Так хочется верить, что моя настоящая сестра по-прежнему жива и борется за жизнь. Но, как и ребенком в ночь похищения, я чувствую правду в каждом ударе сердца, в каждом вздохе и даже в ярко-красном цвете своей крови: сестра никогда не вернется домой. Она исчезла.

С выключенным кондиционером долго оставаться в машине невозможно: августовская жара безжалостно обжигает. Я выхожу. Увы, голубое небо безоблачно – ни намека на дождь. Открываю калитку и останавливаюсь, потому что перед дверью дома стоит Джемма. С тех пор, как я видела ее в последний раз, у нее изменилась прическа, темные волосы теперь коротко подстрижены. Мы встретились, когда я сидела в баре с Флоренс накануне возвращения Оливии, – как будто много лет назад.

– Джемма, – зову я.

Она подпрыгивает от неожиданности и оборачивается:

– Ты пришла.

Я киваю:

– Всё в порядке?

Она смотрит на входную дверь, а потом куда-то мимо меня в сторону калитки.

– Да, всё хорошо.

Повисает молчание. Я пытаюсь найти способ тактично поинтересоваться, зачем она здесь. Я рада Джемме, но не ждала ее, особенно после нашего телефонного разговора три недели назад.

– Я собиралась позвонить, но не знала, что сказать, – объясняет она. – И подумала, проще зайти.

– У тебя всё нормально?

Она кивает:

– Просто я… – Она ковыряет облупившийся лимонный лак на ногтях. – Я чувствовала себя виноватой за то, что была холодна с тобой. Но мне стало так больно, когда я увидела в новостях, что вернулась твоя сестра. Я думала, мы близкие подруги, и не знать такой важной вещи…

– Мы близкие подруги, Джем. – Я снова думаю о том, что потратила кучу времени и сил на Флоренс за счет остальных подруг. И теперь сожалею. Но мы с Флоренс были знакомы еще до той ночи похищения, и наше общее горе от потери Оливии означало, что она понимает меня как никто.

– Почему ты не рассказала? – спрашивает Джемма.

Я сомневаюсь, стоит ли отвечать, но снова слышу голос Гидеона, советующий быть смелее. И объясняю Джемме, что рассказы об Оливии всегда вызывали вопросы, которых я предпочитала избегать. Вопросы, которые мне задавали с осуждением, повторяя отцовские слова. Например, почему я сразу не позвонила в полицию?
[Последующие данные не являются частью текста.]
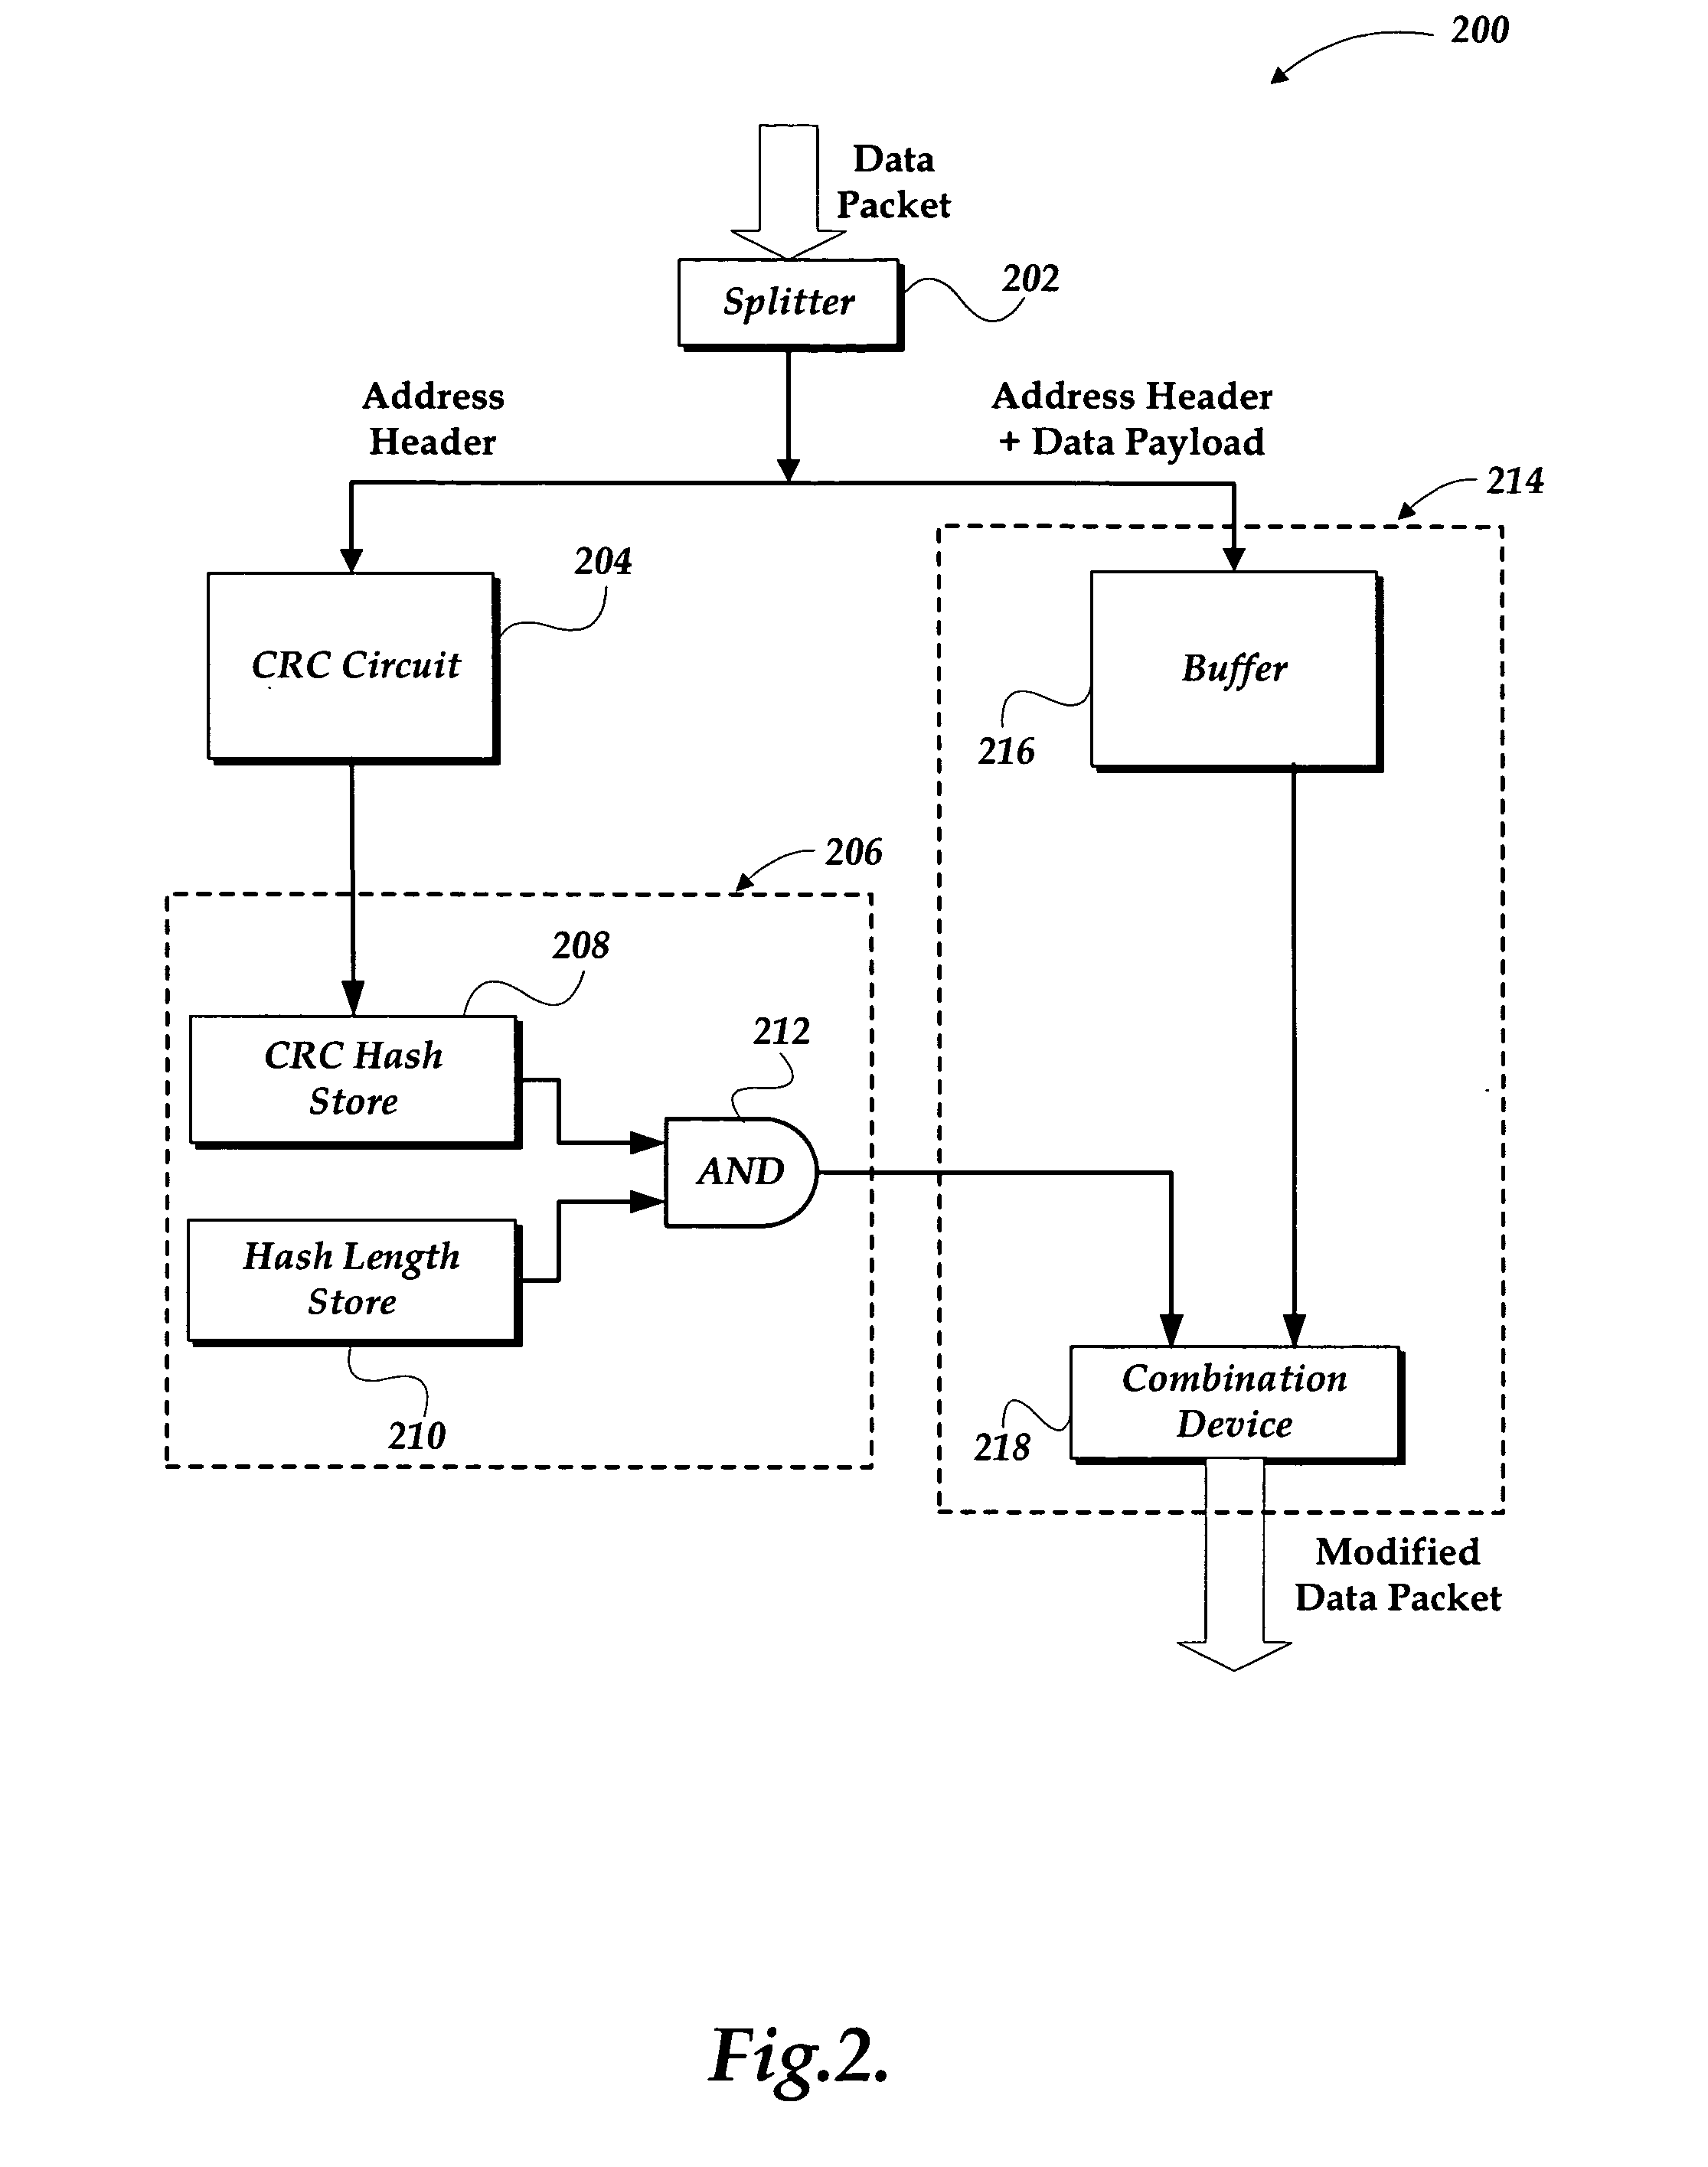 Method and apparatus for managing network traffic using cyclical redundancy check hash functions

И я боялась, что другие оттолкнут меня так же, как папа.

Джемма слушает и наконец кивает:

– Я понимаю, почему это мешает тебе открыться. Но послушай, Кейти, близкие люди – это те, кто не спешит осуждать. – Она искренне хмурится. – Я не буду думать о тебе плохо.

Я слабо улыбаюсь, жалея, что не доверяла ей раньше:

– Оскара нет дома. Не хочешь выпить кофе и хорошенько поболтать?

Она смотрит в сторону:

– Не могу.

Я смеюсь:

– Боишься, от «Нескафе» перейдем к чему-нибудь покрепче – латте и мокко?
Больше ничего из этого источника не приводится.